┌──
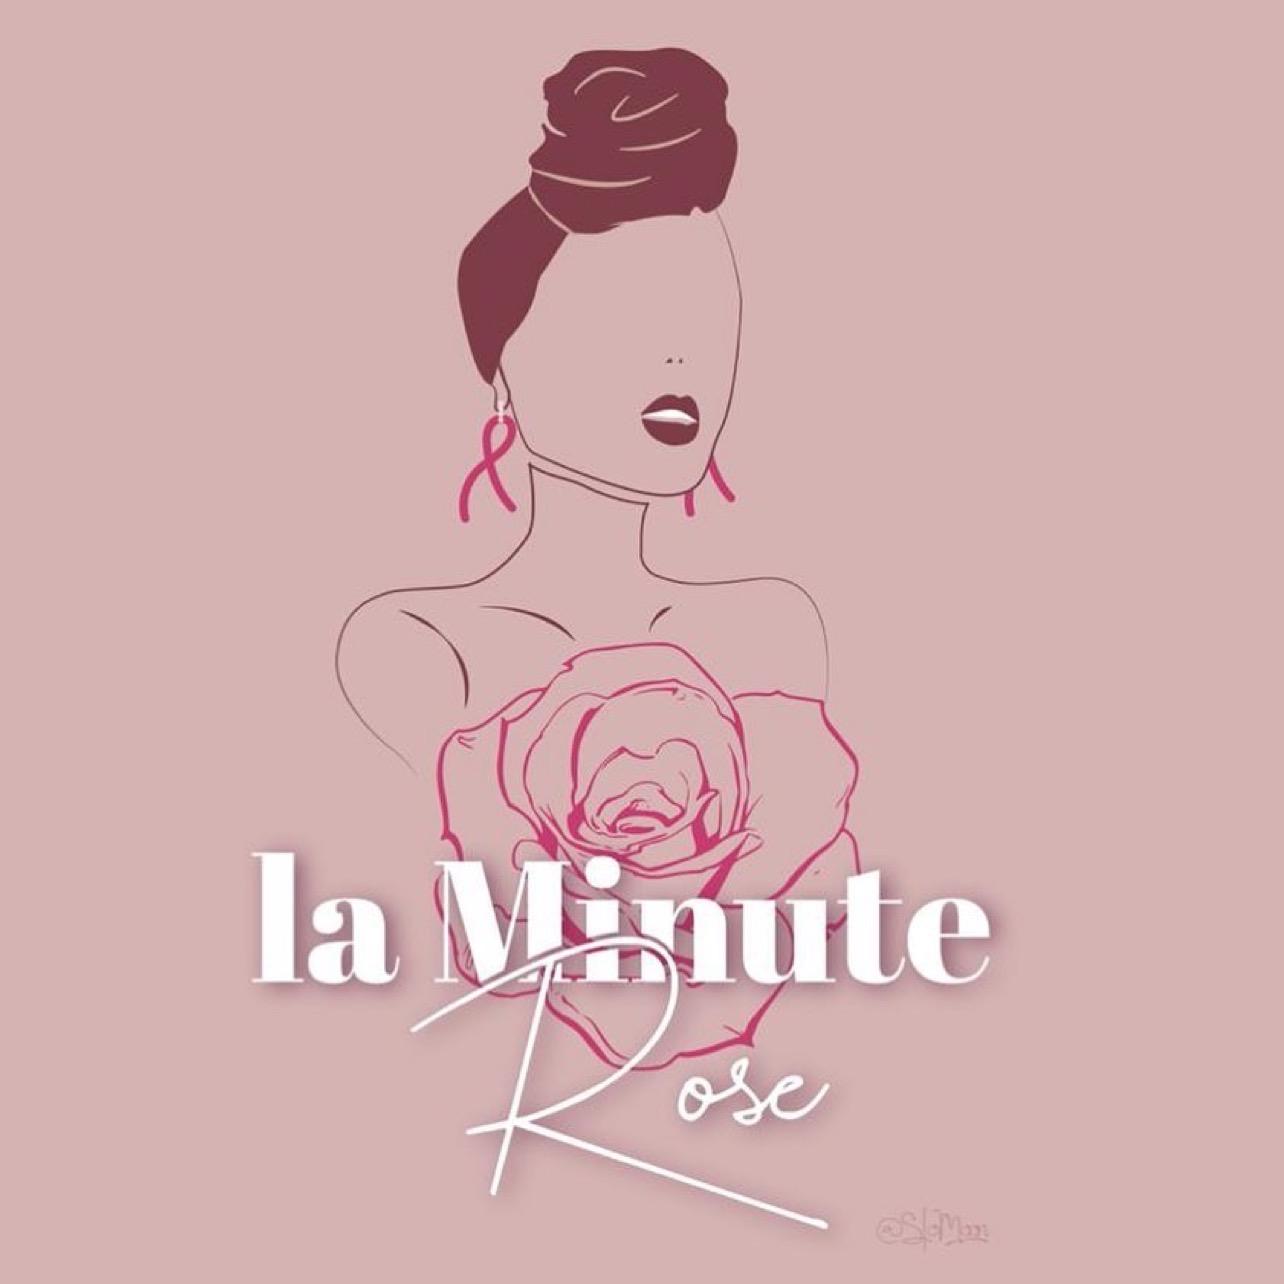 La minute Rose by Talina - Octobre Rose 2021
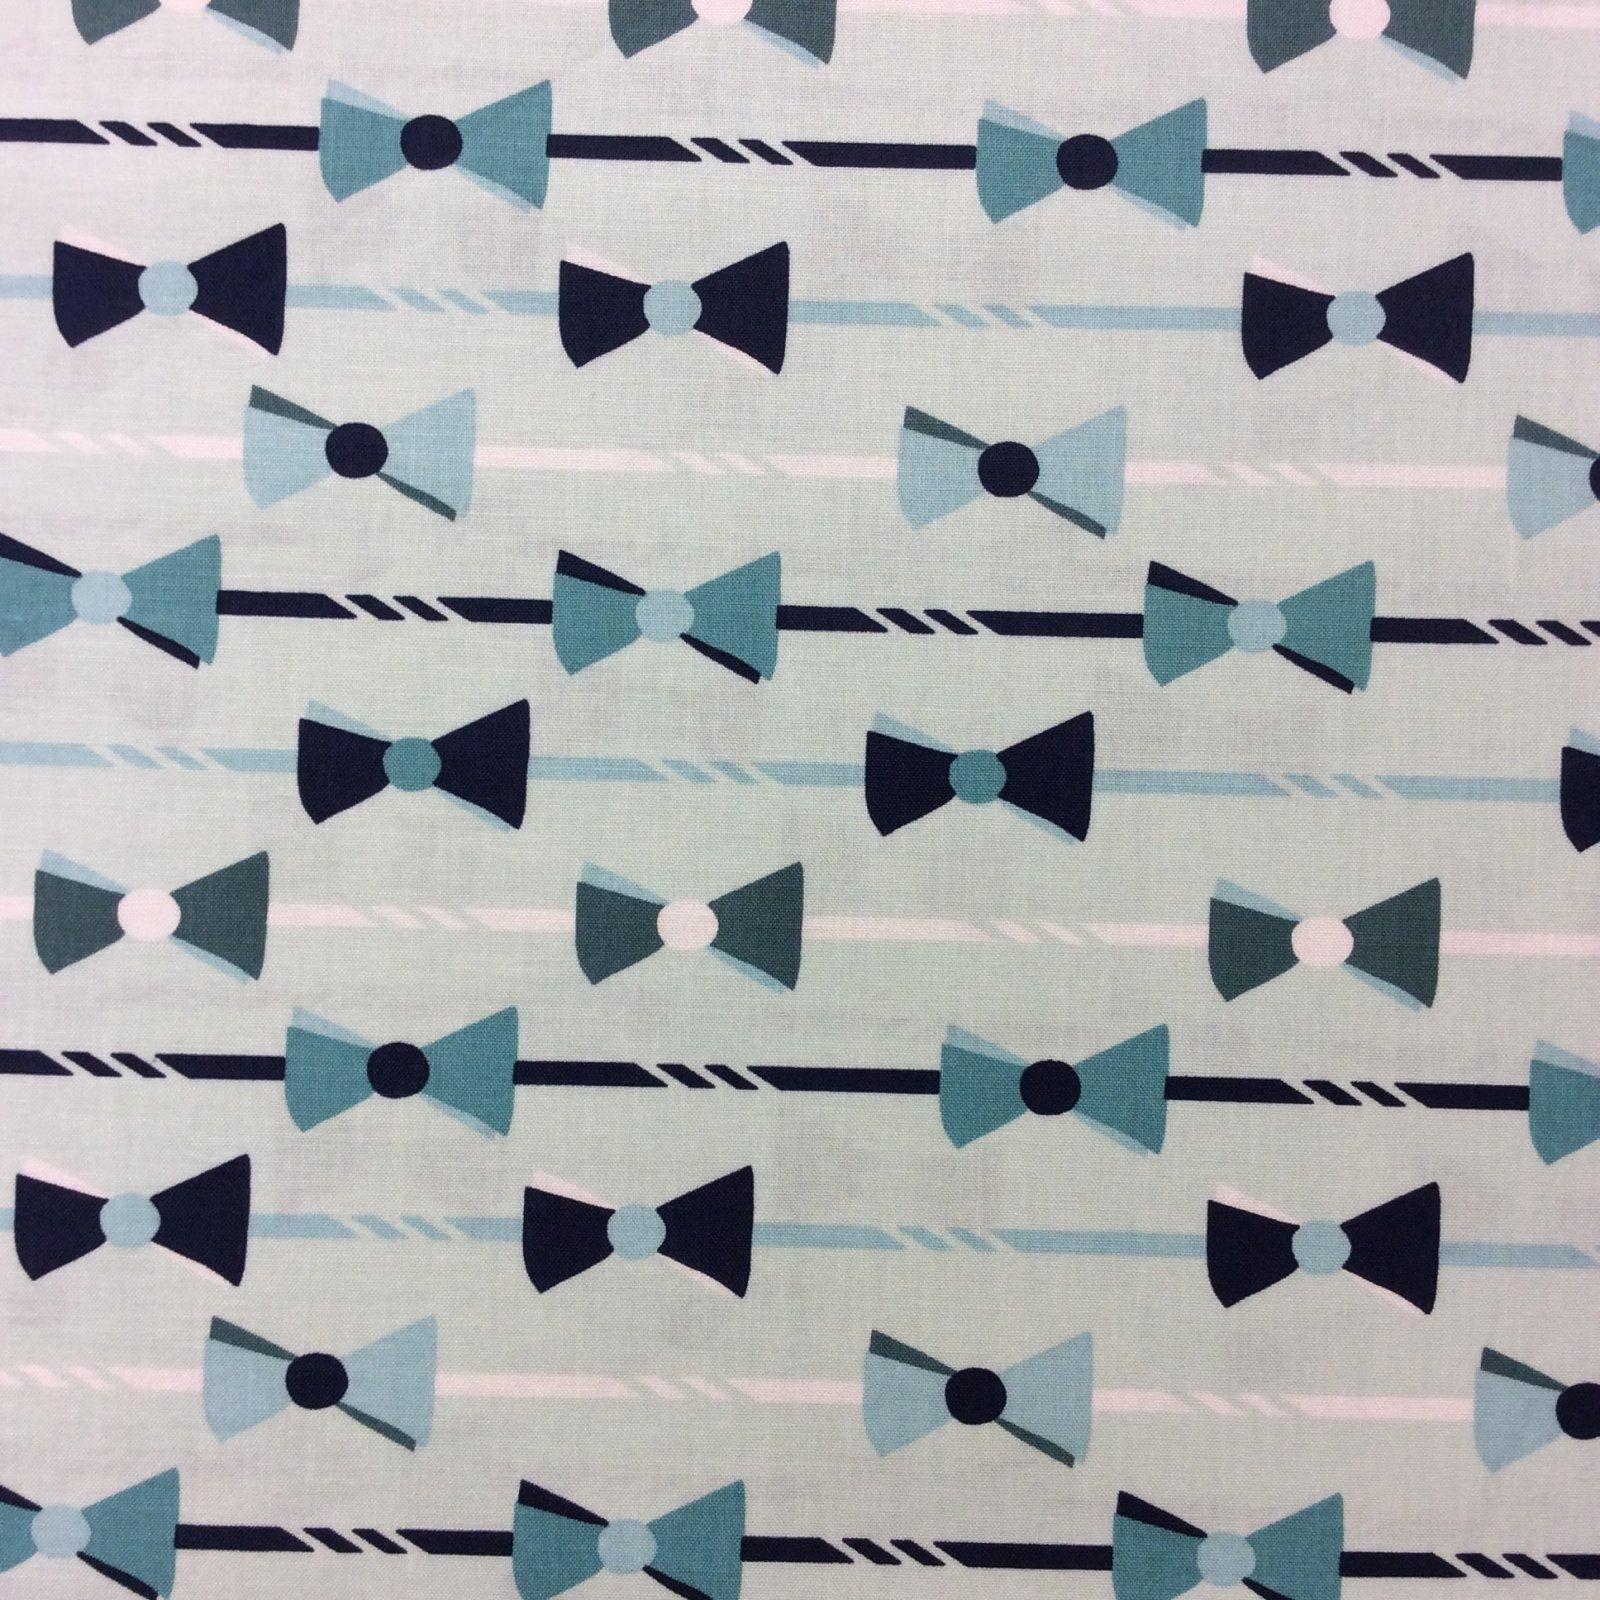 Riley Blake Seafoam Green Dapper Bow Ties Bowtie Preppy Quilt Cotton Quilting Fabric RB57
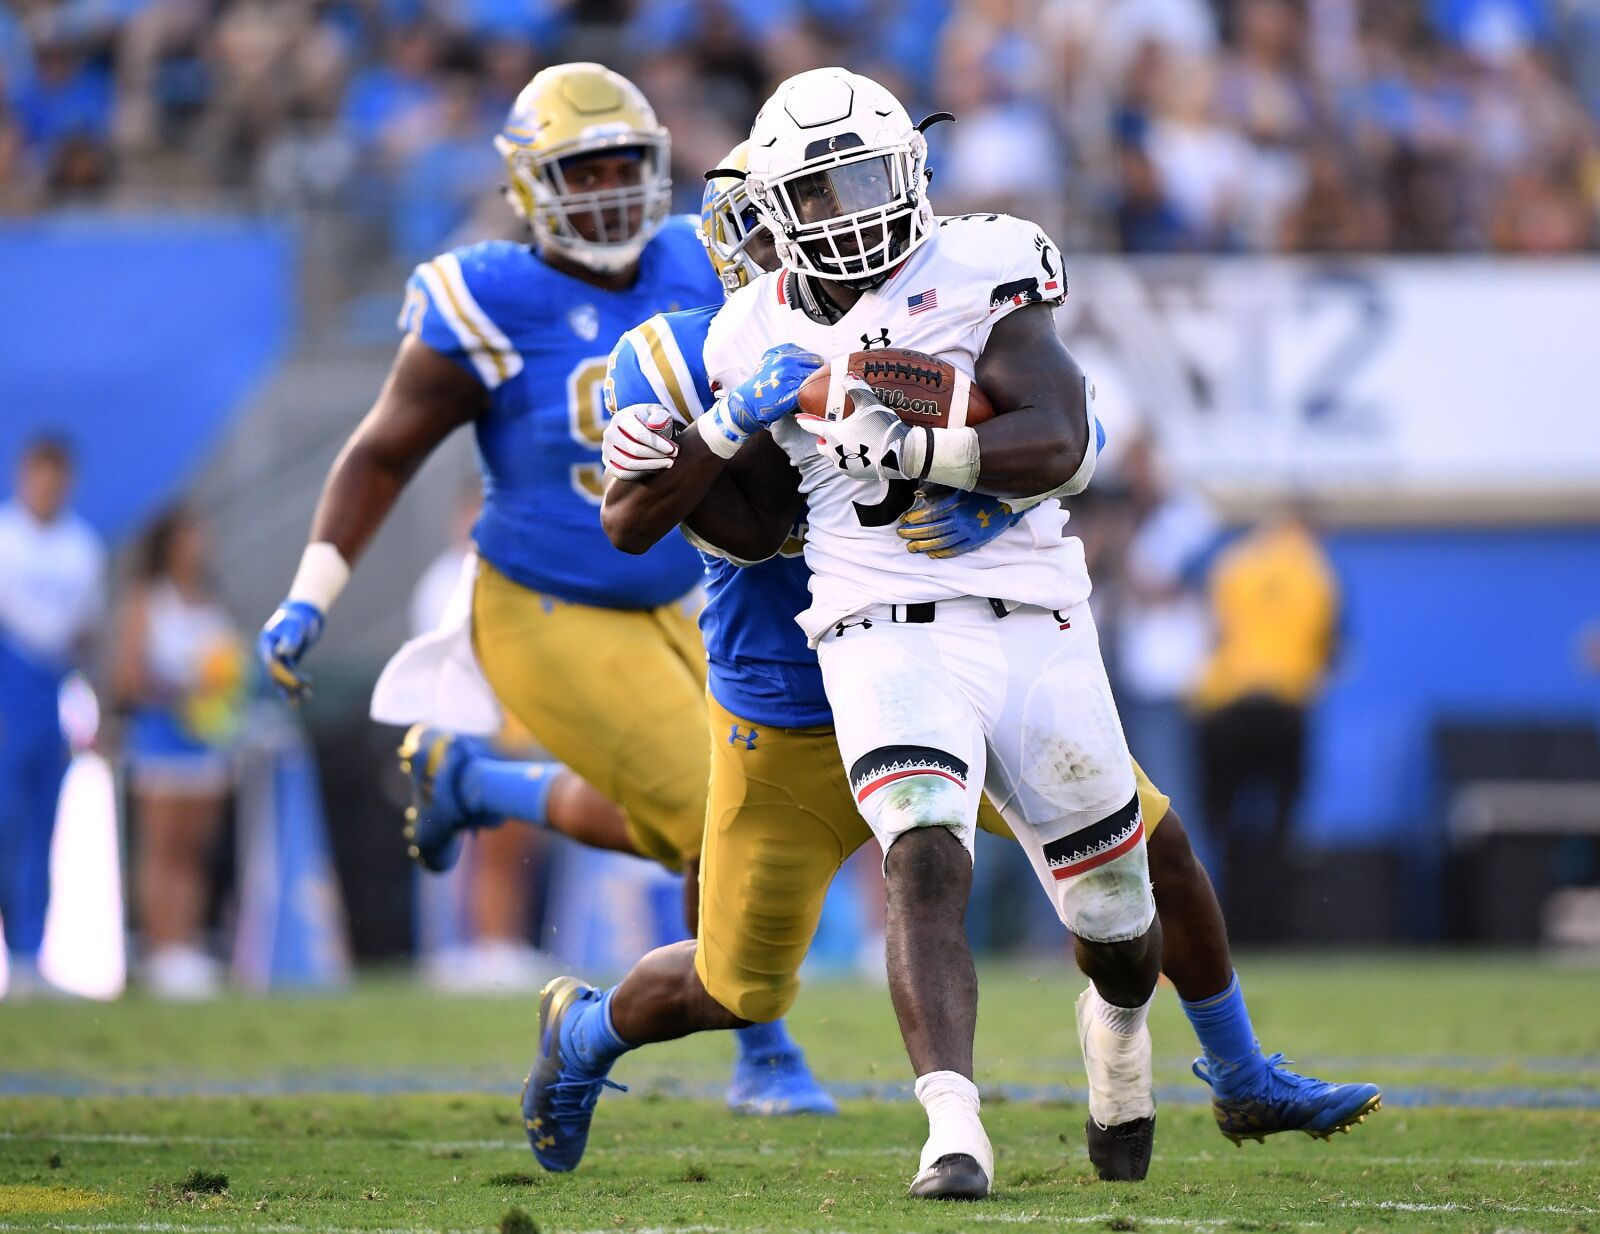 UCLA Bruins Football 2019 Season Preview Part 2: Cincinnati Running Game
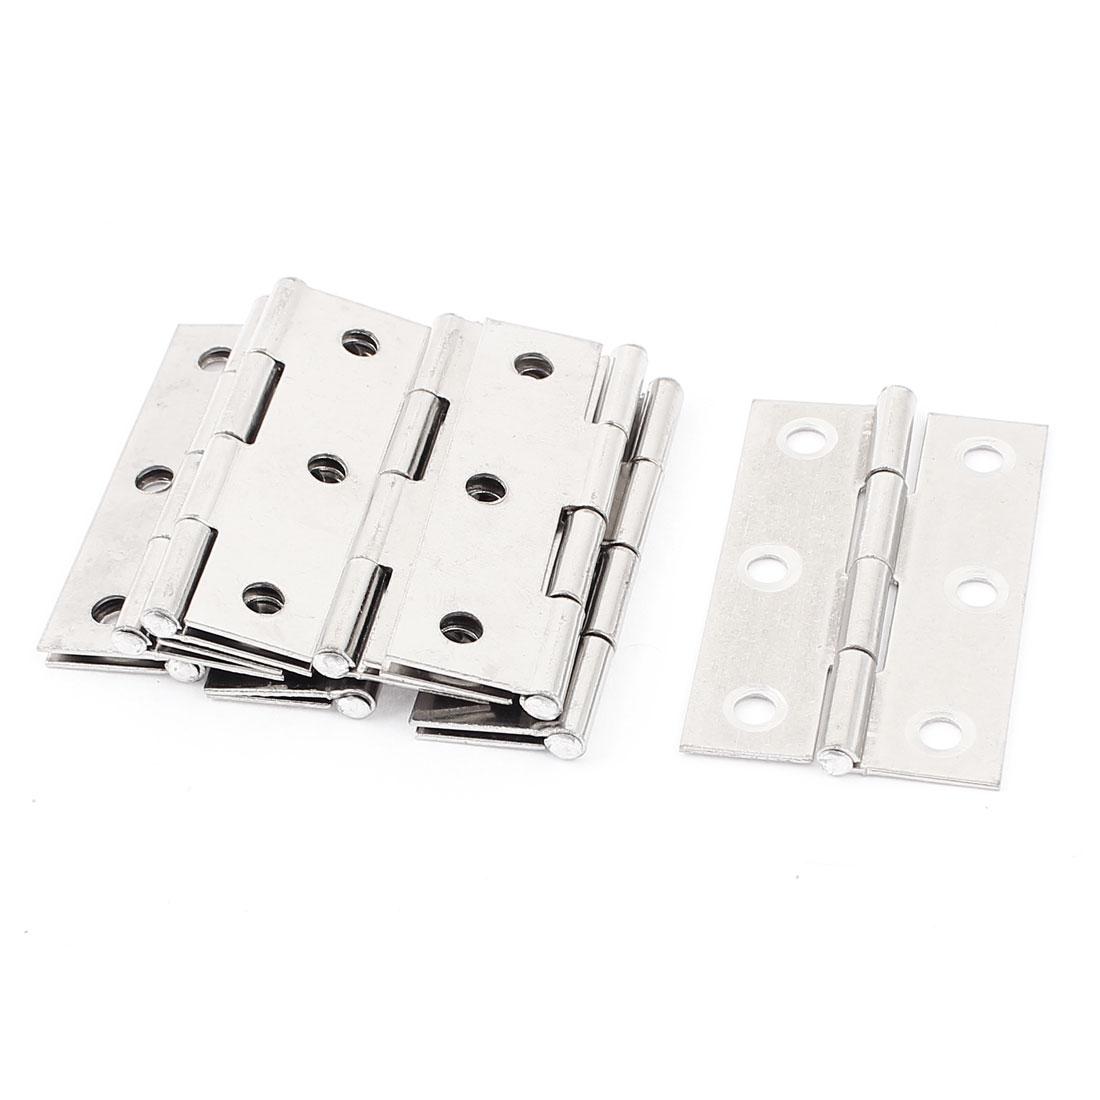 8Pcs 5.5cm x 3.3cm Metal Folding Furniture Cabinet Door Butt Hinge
└──
Reproduce word for word only the lines between the line containing "UCLA Bruins Football" and the end of the listing above, both included, and drop any pictures.

### Answer to this exercise
 UCLA Bruins Football 2019 Season Preview Part 2: Cincinnati Running Game
 8Pcs 5.5cm x 3.3cm Metal Folding Furniture Cabinet Door Butt Hinge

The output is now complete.